OpenGL [SOLVED] Uniform buffer actually viable?

This topic is 988 days old which is more than the 365 day threshold we allow for new replies. Please post a new topic.

Recommended Posts

Hello.

I've just implemented a pretty nice batch renderer, but I'm struggling with uniform buffers. I have a great system which only maps a single buffer (built on a lot of experience with doing fast buffer mapping), and I place all my uniform block data in a single uniform buffer. I was assuming that this would be the fastest way to handle uniform changes, but it turns out that uniform buffers have some fatal drawbacks. For example, changing a single variable in a block forces me to allocate a new one with a minimum size of 256 bytes, which is HUGE. I can barely get over 64 bytes right now, so there's a lot of wasted space which seems to inhibit performance a lot, especially for simpler shaders with few uniforms. In almost all cases I change some kind of uniform value between draw calls, and in many cases I end up

I had this idea that I would split up uniforms into different blocks so that I only had to update the ones that change (view+projection matrices in one block, materials in one block, etc), but as it is now the winning move is to just pack everything into one block so that I don't waste that much space and reupload stuff that has changed to avoid the risk of having to update two smaller blocks with even more padding. It's getting to a point where I think it would be faster to just build a list of glUniform**() calls to do instead of bothering with uniform buffers.

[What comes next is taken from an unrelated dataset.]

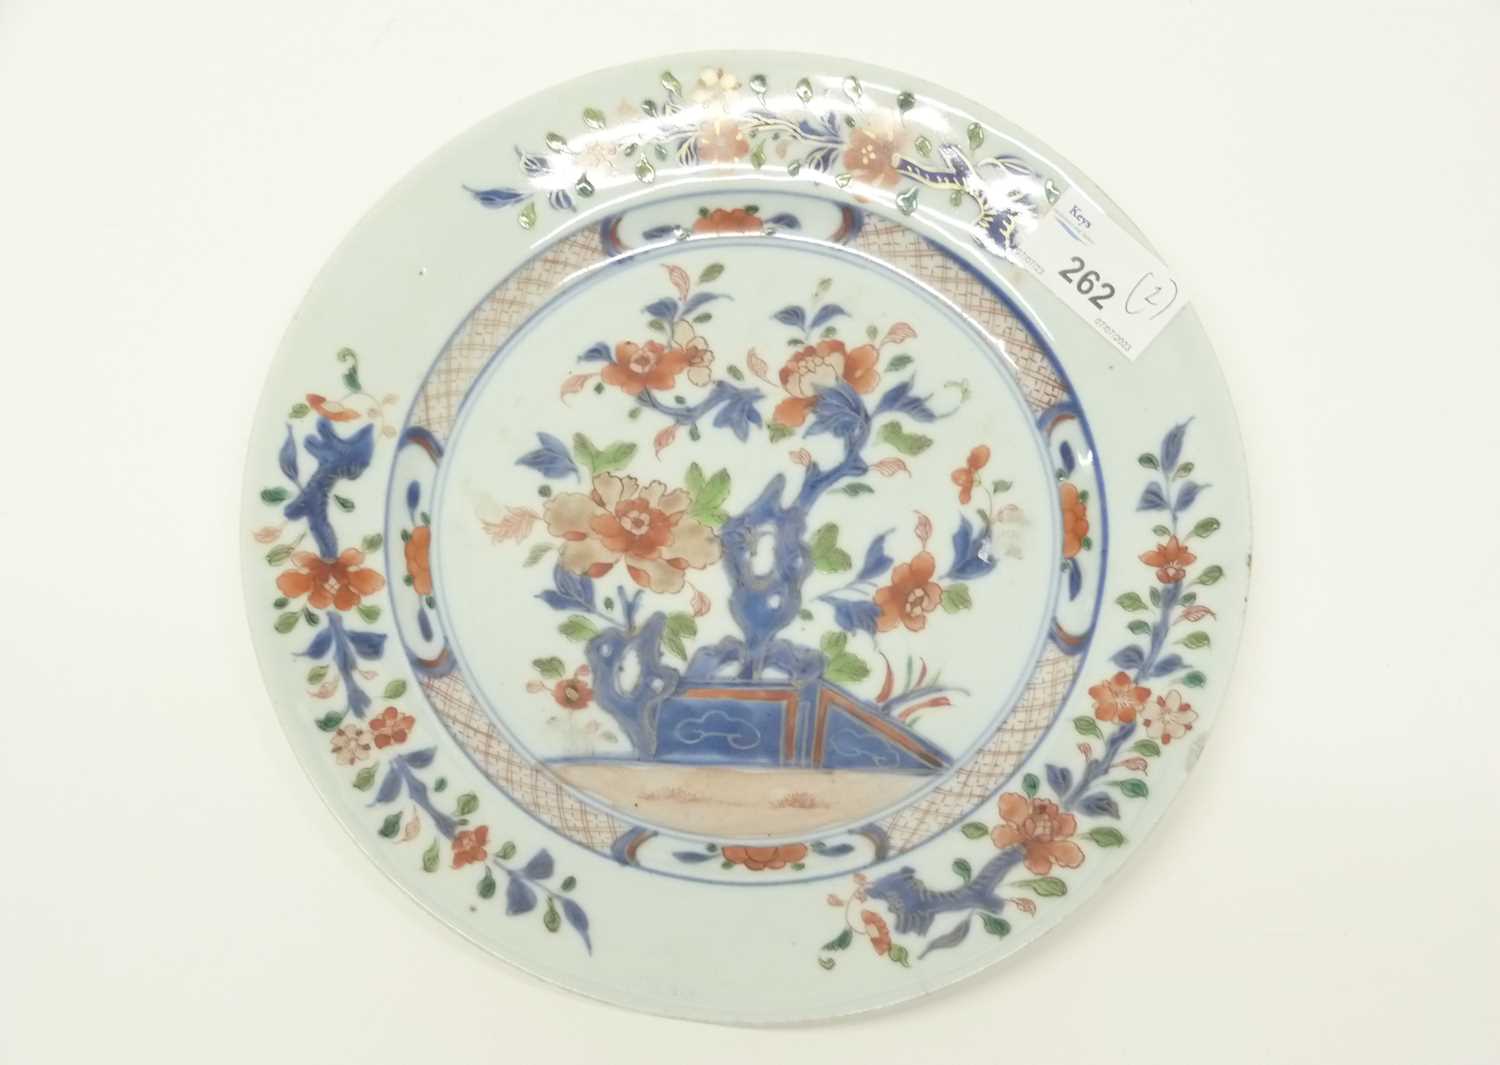 A 18th Century Chinese porcelain plate decorated in Imari style with blue and white trees and

Are uniform buffers just nonviable for real-life usage? Can I work around the offset alignment problem to reduce the padding? Is glUniform() simply superior in most cases and on most drivers?

EDIT: After googling a bit, I want to clarify that my buffer handling is very effective. I place all my uniform data in a single mapped buffer (persistently coherently mapped if possible, otherwise cycling unsynchronized), so there's only a single map operation done per frame. The problem is that the data uploading is simply really slow when the padding is added (can't batch upload it), and the buffers get really big. I think I'm gonna implement some hacky glUniform() calls to compare performance.

Also, this is OpenGL for PC, tested on an Nvidia card.

Edited by theagentd

Share on other sites
EDIT: After googling a bit, I want to clarify that my buffer handling is very effective. I place all my uniform data in a single mapped buffer (persistently coherently mapped if possible, otherwise cycling unsynchronized), so there's only a single map operation done per frame.

What do you mean mapped once per frame? Persistanly mapping is meand to only map once per lifetime of the buffer.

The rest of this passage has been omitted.